KÖNIG GALERIE presents DANDY DIARY: Documenta Opening

Am Freitag war es also so weit, der langerwartete Vorabend vor der offiziellen Eröffnung der DOCUMENTA war gekommen, der wichtigsten Kunstschau der Welt, und damit eben auch der Abend unserer großen Eröffnungsgala, die uns zurückführen sollte, in die Stadt unserer Jugend, die Stadt in der unsere Eltern leben und wir einst auch, die Stadt in der ich studierte und lernte und wo wir von Jungen zu Männern wurden.

Deutschlands angesagteste und damit natürlich auch beste Galerie, die KÖNIG GALERIE, hatte uns unter ihre Fittiche genommen und so feierten wir gemeinsam: in celebration of documenta.

Zwei Etagen unter der Erde, in der Weinkirche, einer ehemaligen Weinhandlung aus Tagen vor dem großen Krieg und der richtigen Zerstörung fast ganz Kassels, einem Weinbunker also, der unter all dem Hass stehen blieb, feierten wir die Kunst – und mit uns feierte die Berliner Hip Hop-Crew GARMA KANG, die dermaßen Leben in das tote Gemäuer bliesen, dass es fast zu viel war und der Sauerstoff sehr knapp wurde, die Bühne beinahe brach und alle schier wahnsinnig wurden, vor Energie: Power! Und dann natürlich Lars Eidinger, der die Rolle des DJs mindestens genauso gut und: ja, natürlich!, oscar-reif darbot, wie alle anderen Rollen, die er am Theater und im Fernsehen und doch bitte bald auch endlich in Hollywood, auf der ganz großen Leinwand oder zumindest dem etwas kleineren Screen von Netflix spielt. Und die ehemaligen Kasseler Quid Haden und Philip Mollenkott, mit denen wir hier einst Wohngemeinschaften und das Leben geteilt hatten und die jetzt mit uns in Berlin wohnen. Alles war genau so richtig.

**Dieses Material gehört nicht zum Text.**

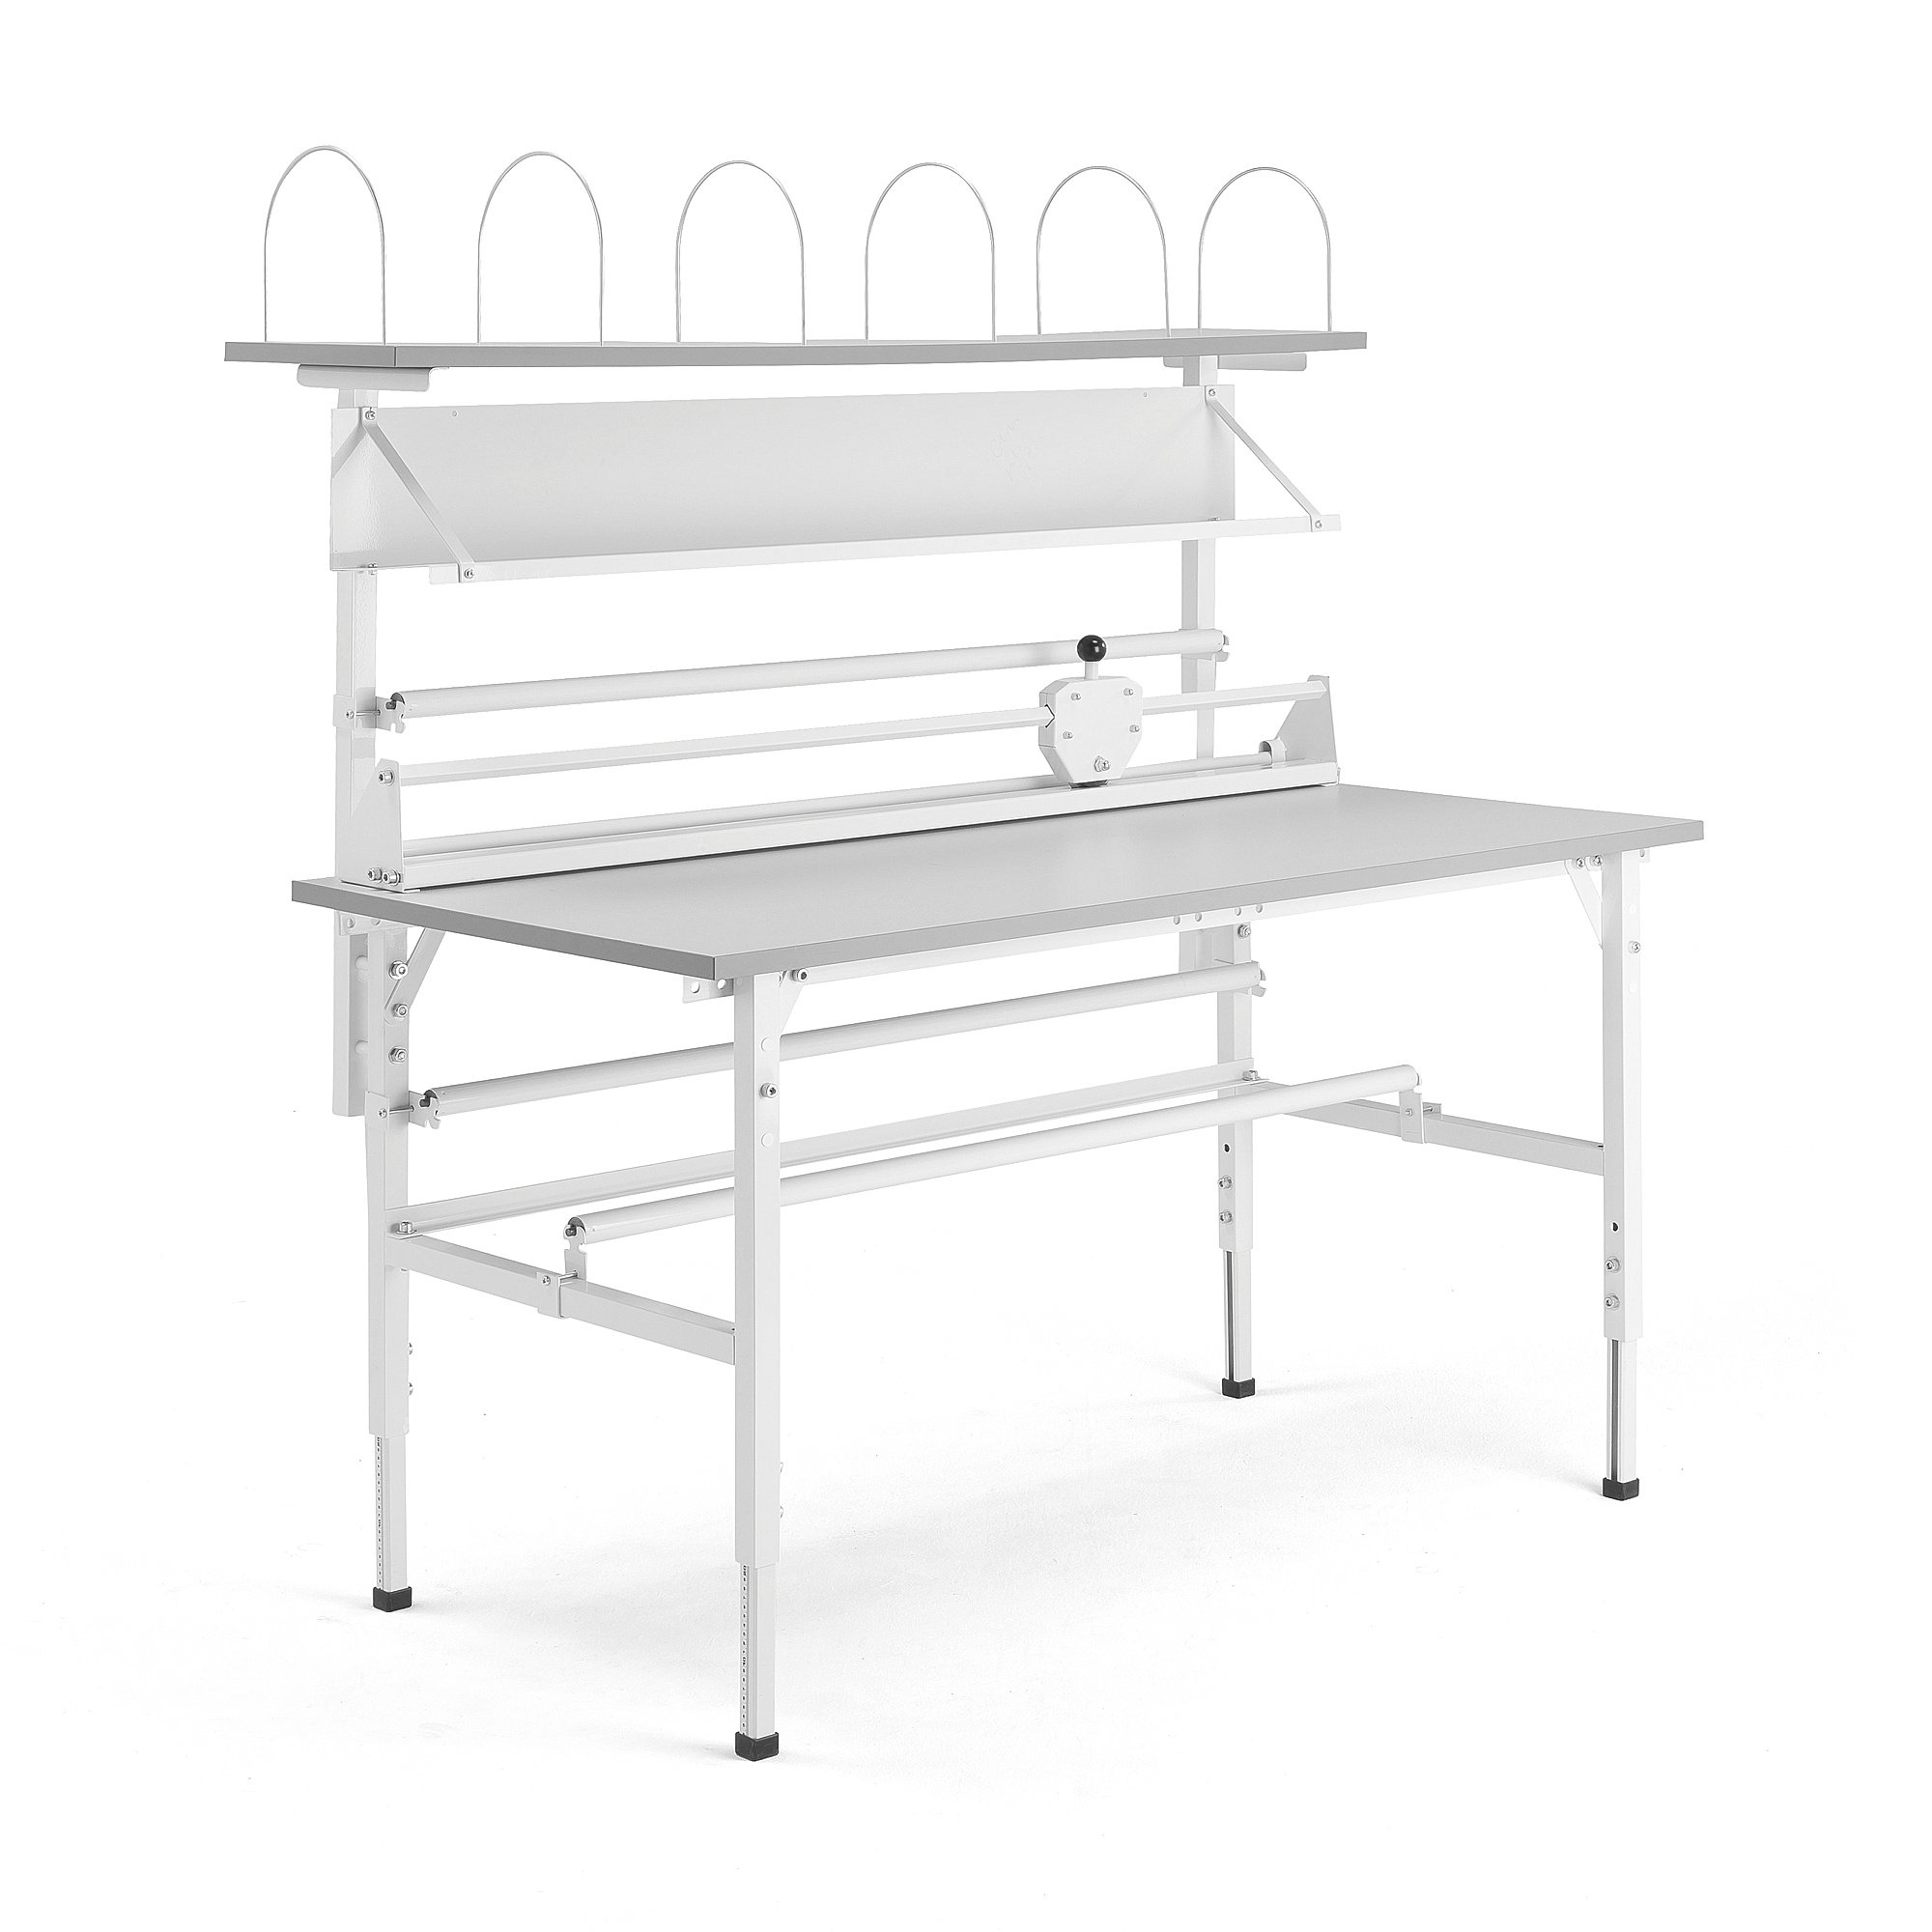 E-shop Dielenský baliaci stôl SEND, s policami, 1600x800 mm, šedý
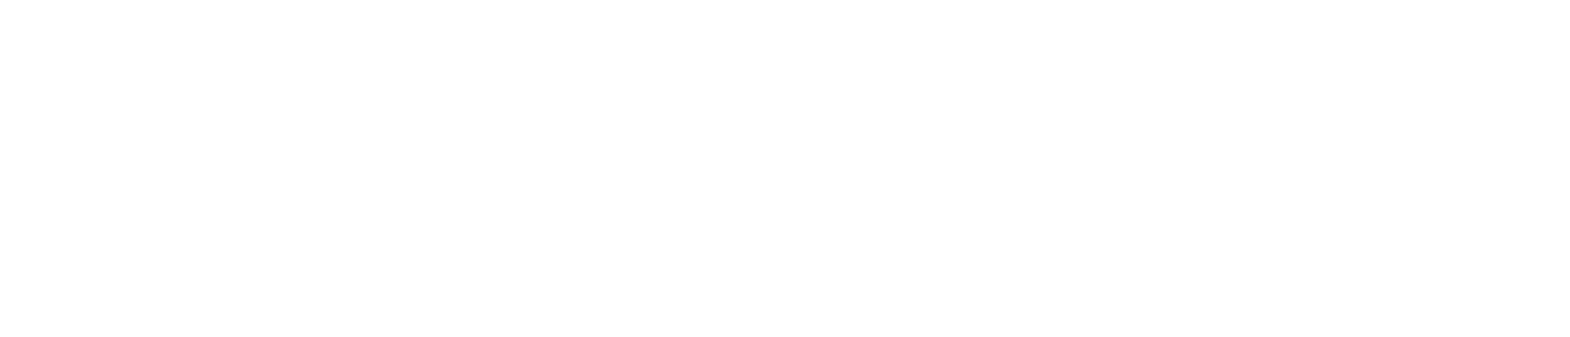 OneSpan logo large for dark backgrounds (transparent PNG)

Johann König, der große Galerist aus Berlin, der uns hier einführte, in die Kunstszene, derwischte auf der Bühne wie kein Zweiter und verschliss mindestens drei T-Shirts, auf denen er selbst zu sehen war, abgelichtet von Juergen Teller, dem weltbekannten Fotografen. Und dann waren da natürlich auch alle anderen, die zur documenta gekommen waren, weil sie eben sehen wollten, was da in der Weinkirche los ist und warum hunderte Menschen vor der Tür eine Schlange bildeten und geduldig warteten, bis sie reingelassen wurden, hinab in den Keller, in den Wahnsinn, die Hitze.

Es war, soviel können wir sagen, ein großes Fest, angemessen, für diese große Kunstschau, für unsere Heimatstadt und die Geburt der lange währenden Liaison zwischen der KÖNIG GALERIE und DANDY DIARY.

Vielen und tausendfachen Dank an alle die da waren, an unsere großzügigen, wie -mütigen Sponsoren, nein: Partner!, von YSL BEAUTÉ, ohne die das nicht möglich gewesen wäre, was dann eben doch möglich war und einen bleibenden Eindruck hinterlassen hat, auf jeden Fall bei uns und hoffentlich auch bei allen anderen. Und danke natürlich auch an HEINEKEN, die uns seit Jahren mit eiskaltem Bier an den irrsten Orten aushelfen und die Gemüter kühlen, wenn es hitzig wird und man nichts dringender braucht, als ein die kehle hinabperlendes Heineken. Und auch danke an Tanqueray, die uns ihr Premium-Produkt Tanqueray Ten in rauesten Mengen lieferten und danke an Absolut Vodka, für reinsten, feinsten und letztlich auch bestaussehenden Vodka. Es wäre eine sehr trockene Veranstaltung geworden, ohne diese Unterstützung.

Liebe documenta, liebe Kasseläner, das war rattenscharf!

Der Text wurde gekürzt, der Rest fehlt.